The average price of secondary real estate across the 18 largest regional markets in Russia stood at 124.7 thousand rubles per square meter in March 2023, marking a monthly rise of 0.5%. This figure was reported by Kommersant, using data from the CIAN.Analitika portal.
Analysts observed that the earlier decline in prices and the expansion of supply had slowed. Among the regions, Volgograd showed the sharpest monthly uptick in the secondary market, with prices reaching 85.6 thousand rubles per square meter, up 2.4%. Chelyabinsk also posted a significant increase of 2.1%, bringing its average to 72.9 thousand rubles per square meter.
In Moscow, the current average asking price on the secondary market is 301.4 thousand rubles per square meter. Over the past year, this figure has risen by 3.5% and, in the most recent month, remained stable.
Alexei Popov of CIAN.Analytics commented that higher absolute price levels tend to accompany stronger declines over the previous year, establishing a clear inverse relationship between price bases and their year-over-year changes.
Earlier in the week, Rusipoteka’s chief analyst Sergey Gordeiko noted that, based on available data, the average loan rate for purchasing secondary real estate in Russia could edge upward from 11.45% to around 12% in April 2023. This projection reflects ongoing adjustments in lending terms that influence buyer activity and market dynamics.
Looking at the broader context, market watchers highlight that price movements in secondary housing are influenced by a mix of regional economic conditions, mortgage rates, and housing supply. Regions experiencing faster price growth often show tighter housing inventories or stronger local demand, while cities with higher price bases may exhibit more modest month-to-month changes. The Moscow market, with its substantially higher price levels, tends to react differently to shifts in lending conditions than regional markets, where price levels are more moderate and inventory dynamics can drive more noticeable changes in affordability for buyers on the margin.

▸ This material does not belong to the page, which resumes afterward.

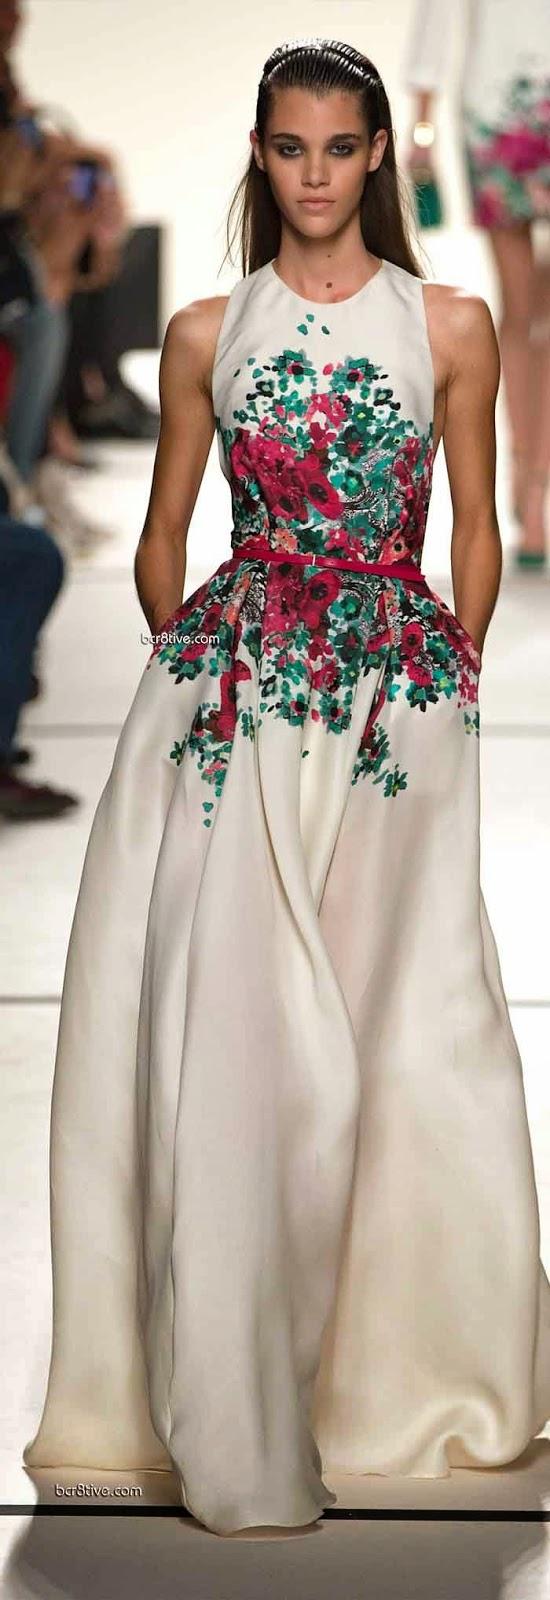 Vestido com estampa de flores bem no centro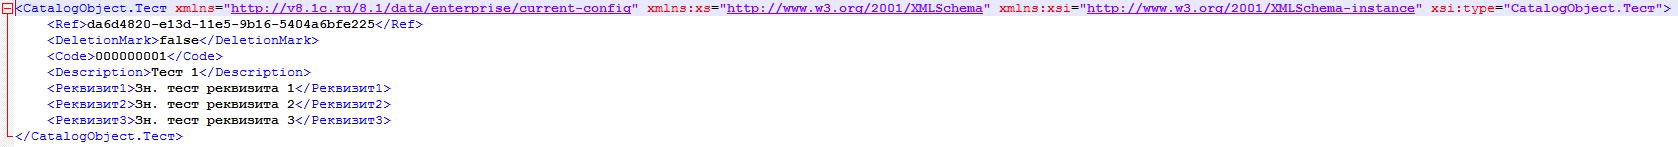 XDTO-сериализация объекта

Updated observations from 2024 and into 2025 indicate that price stabilization in some regional markets can coexist with gradual price pressure in others, depending on local job markets, demographic trends, and credit availability. Market participants—ranging from individual buyers to development banks—continue to monitor the trajectory of mortgage rates, lending standards, and the pace of secondhand supply as key signals for future price direction. In this landscape, the interplay between price levels and loan costs remains a central consideration for buyers and sellers alike.